Facial Recognition ID Moves from Planes and Trains to Conferences and Events
WHISTLEBLOWING, 7 Aug 2017
4 Aug 2017 – The use of biometric identification is becoming a real-time case study in how the public is incrementally conditioned to accept the total erosion of privacy for supposed convenience and security.
As I’ve been covering over the last several months, a 15-year-old mandate from the federal government to implement biometric ID for airline travel is finally being implemented at various airports throughout the United States. Meanwhile, countries like Australia and the UK also have airport biometrics programs rolling out, with Australia seeking to make it a requirement nationwide by 2020. The UK has gone even one step further and has been testing a system to be used on trains as well, also with a target date somewhere around 2020.
People have been acclimatized to biometric ID in various forms, with increasing frequency in the areas of banking and personal computing, but only now is it being rolled out into the wider world. In some cases, the use of facial recognition for targeted advertising and even to monitor political views and for pre-crime policing has been done in public spaces without any consent whatsoever.

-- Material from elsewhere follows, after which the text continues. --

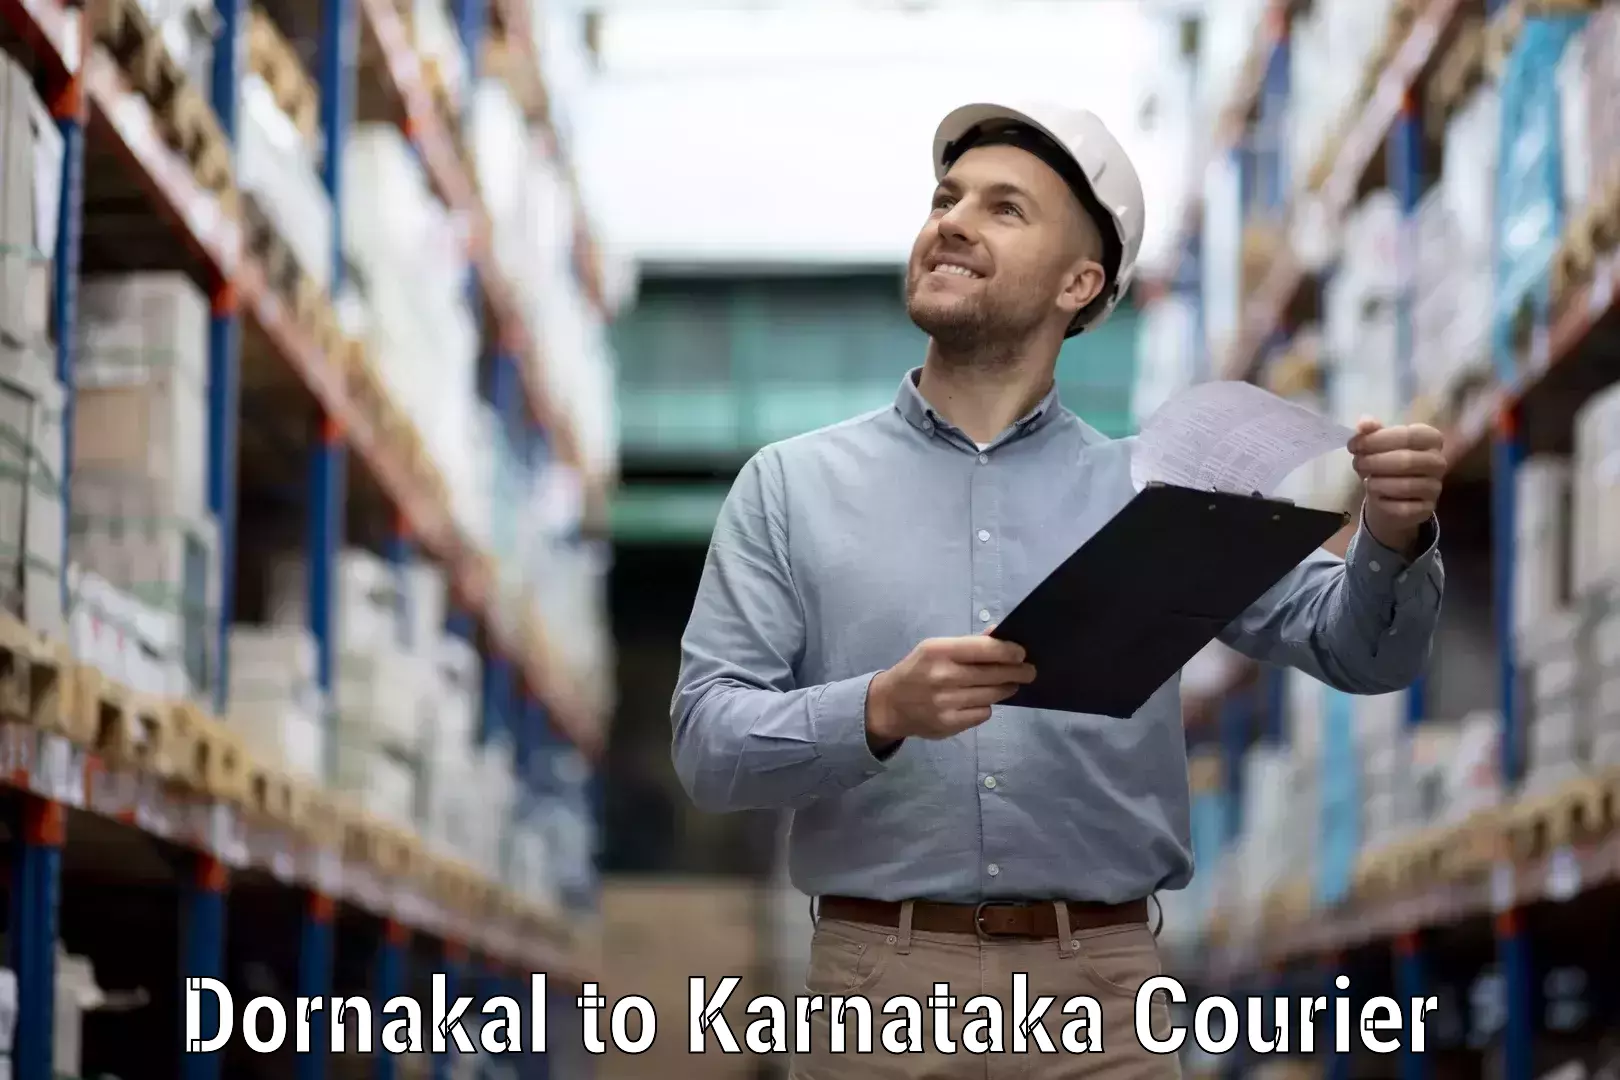 Efficient cargo handling Dornakal to Karnataka

According to MassPrivateI, a company called Zenus is at the forefront of spreading facial recognition even wider into conferences and events. It heralds the next step toward increasingly pervasive biometric ID requirements to function in modern society.
Zenus a startup company based in Texas, claims their facial recognition software can speed up check-ins at conferences and events.
Attendees have registered for a conference ahead of time, providing pertinent personal information and uploading a photo. On-site at the conference, that person steps up to a device—usually a tablet—where a camera scans the person’s face, using the image to call up her information and completing the check-in process digitally. (Source)
At the Zenus website we find the video below, which makes a direct appeal to convenience and security by databasing attendees with facial recognition as well as social media log-ins, illustrating how the virtual world and the real are melding into one and the same thing.
Step by step, people are being transformed into digital organisms made easier for scanning and processing. The political will is there, the databases exist, and the technology is clearly being rolled out across every meaningful area of human activity.